**Records shown:**

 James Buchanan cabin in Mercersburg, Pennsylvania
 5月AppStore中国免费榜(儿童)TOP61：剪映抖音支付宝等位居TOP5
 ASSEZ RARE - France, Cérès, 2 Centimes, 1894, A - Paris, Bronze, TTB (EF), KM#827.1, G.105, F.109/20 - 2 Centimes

---

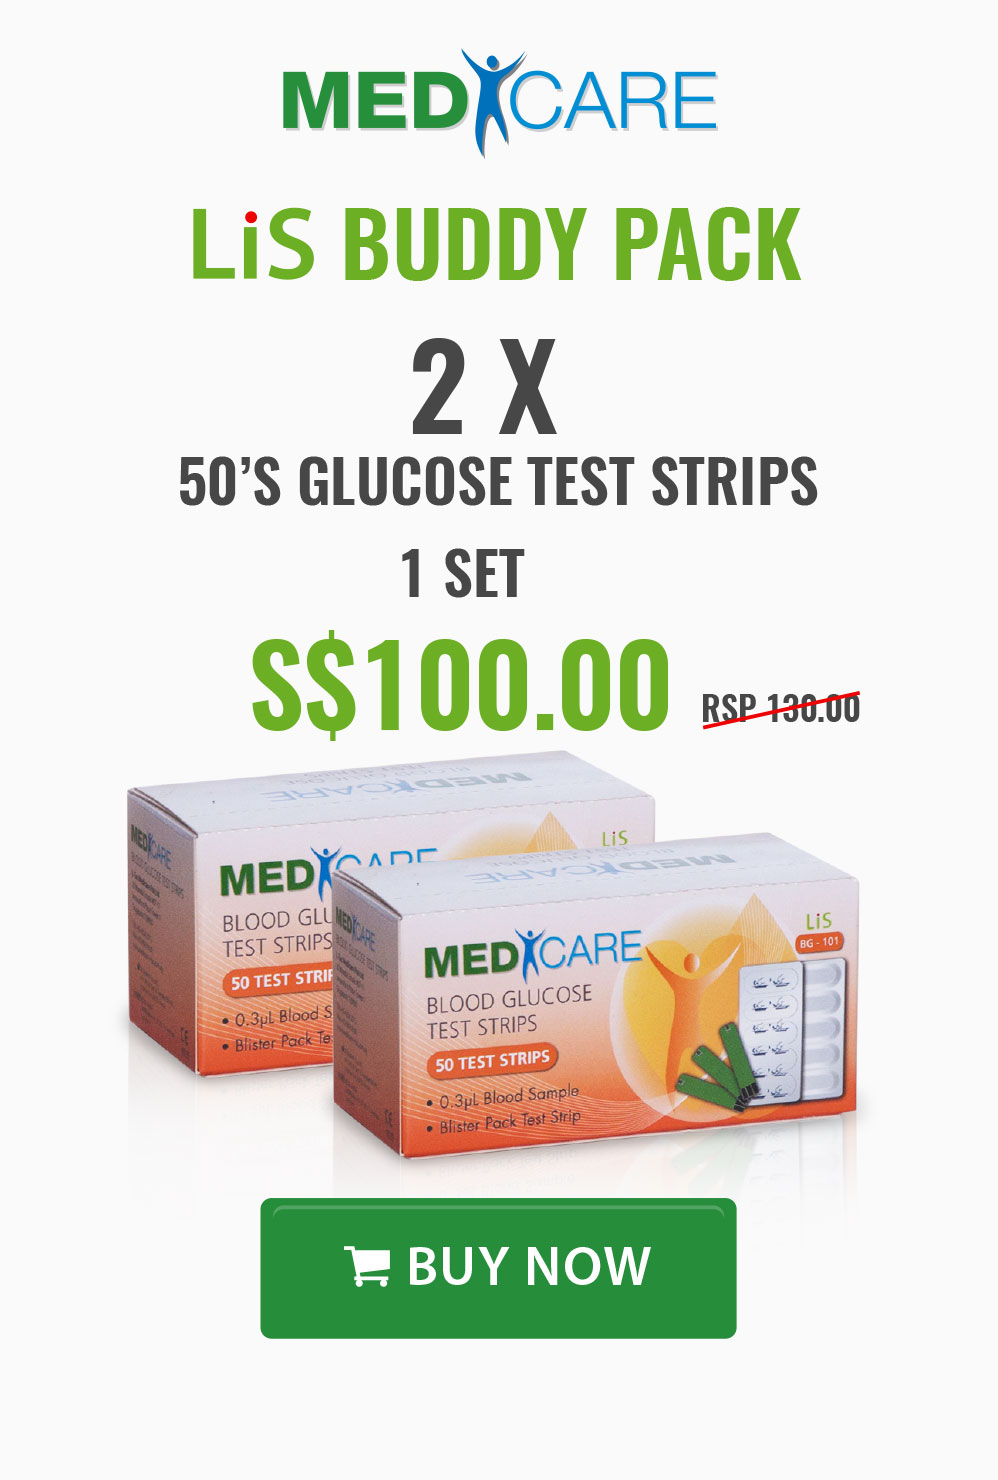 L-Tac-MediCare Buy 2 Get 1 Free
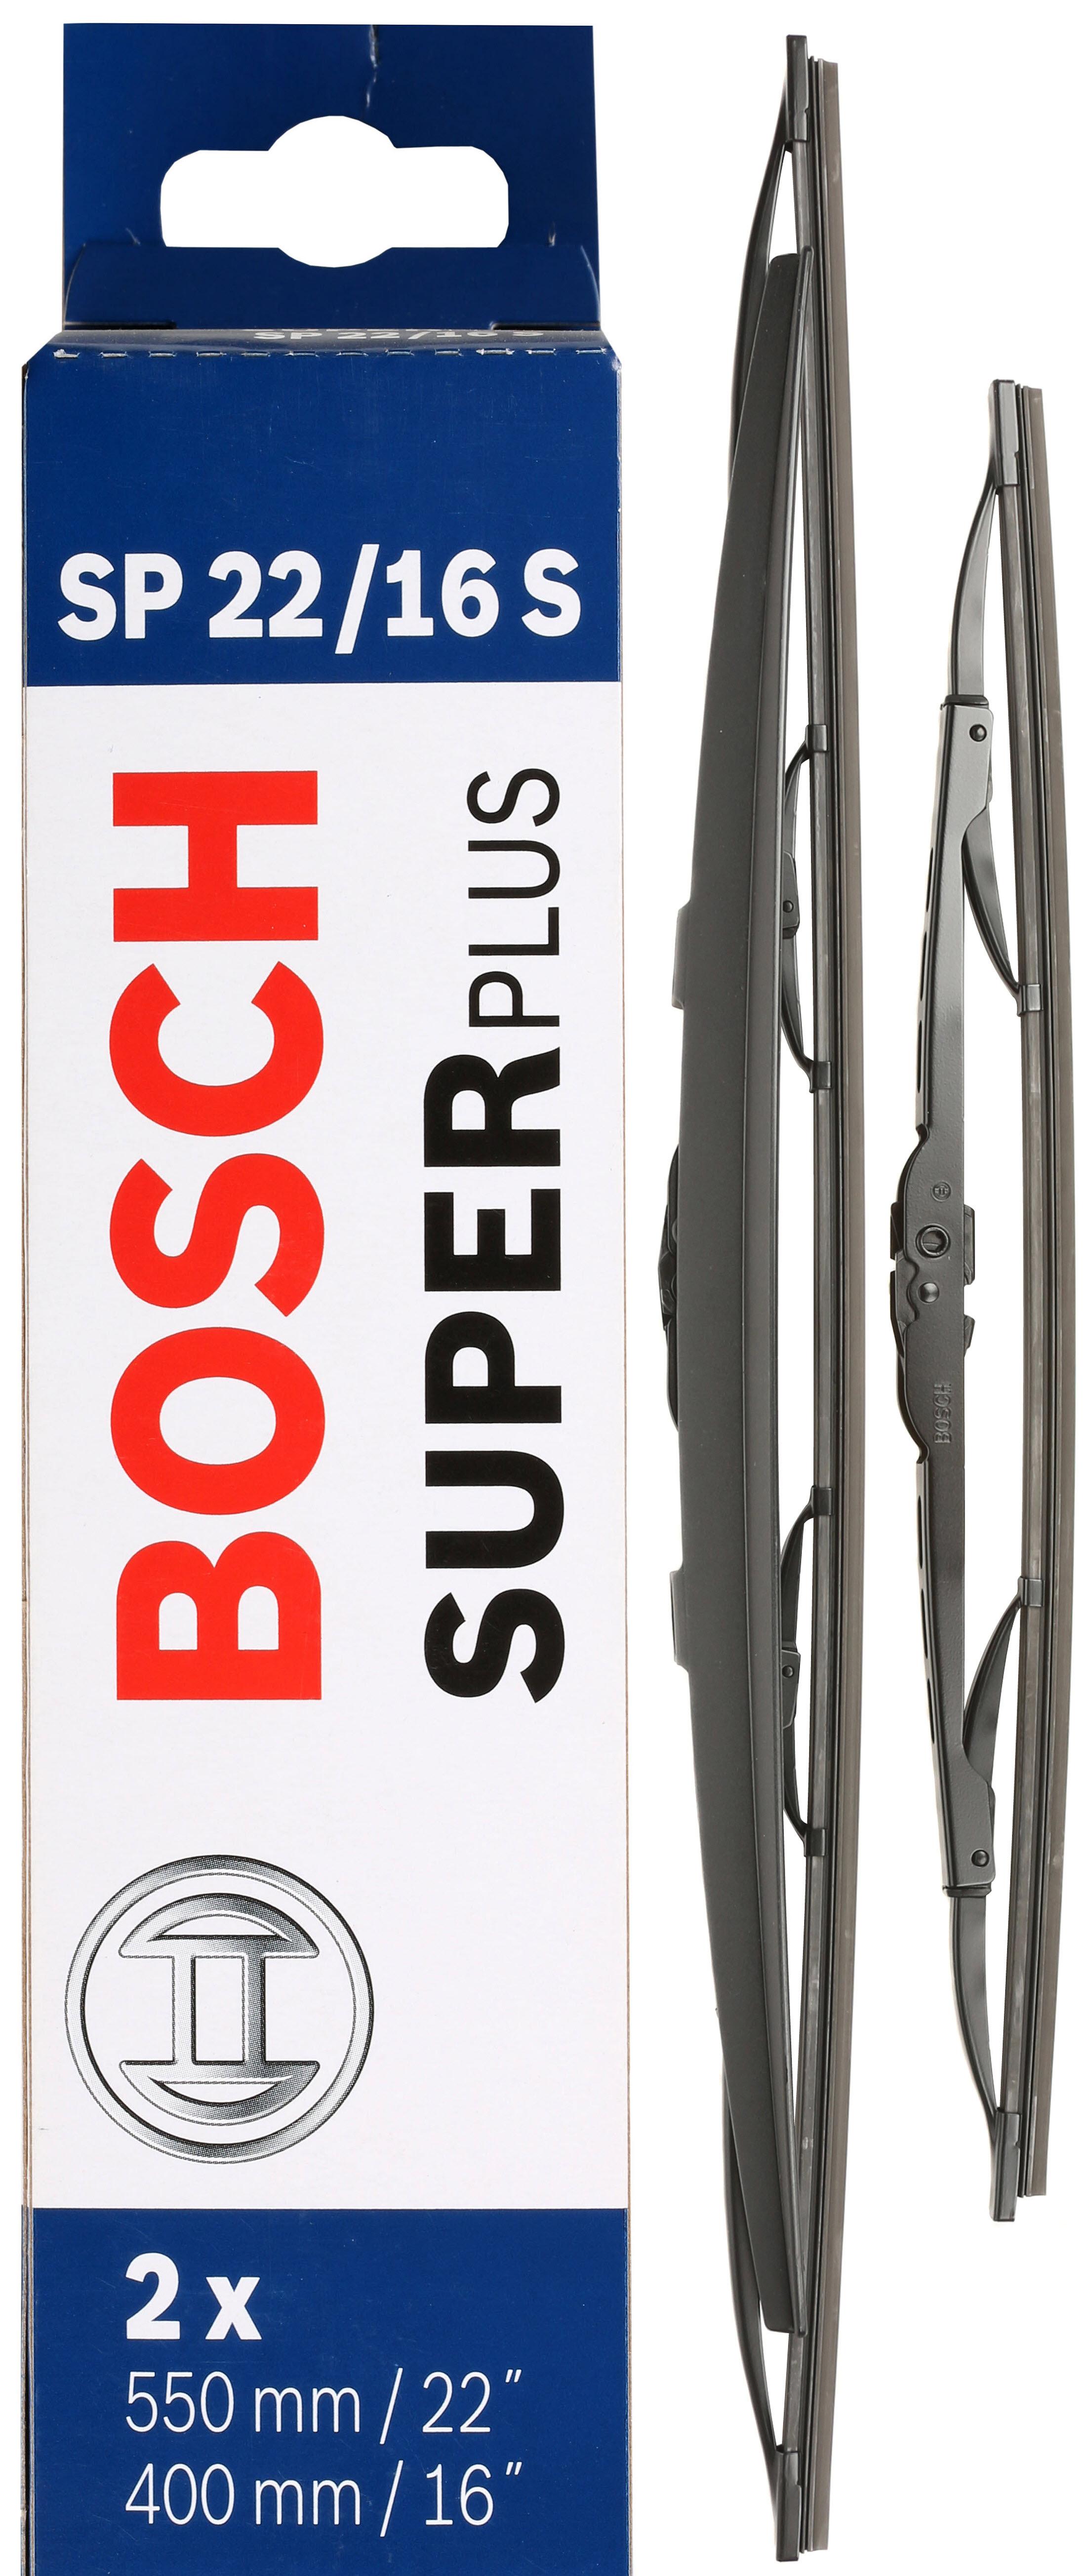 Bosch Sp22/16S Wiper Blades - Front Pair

**What you will do:** Start with the line above that contains "James Buchanan cabin" and end with the line that contains "ASSEZ RARE - France, Cérès, 2". Write out those lines exactly, and only those.

**Solved problem:**
 James Buchanan cabin in Mercersburg, Pennsylvania
 5月AppStore中国免费榜(儿童)TOP61：剪映抖音支付宝等位居TOP5
 ASSEZ RARE - France, Cérès, 2 Centimes, 1894, A - Paris, Bronze, TTB (EF), KM#827.1, G.105, F.109/20 - 2 Centimes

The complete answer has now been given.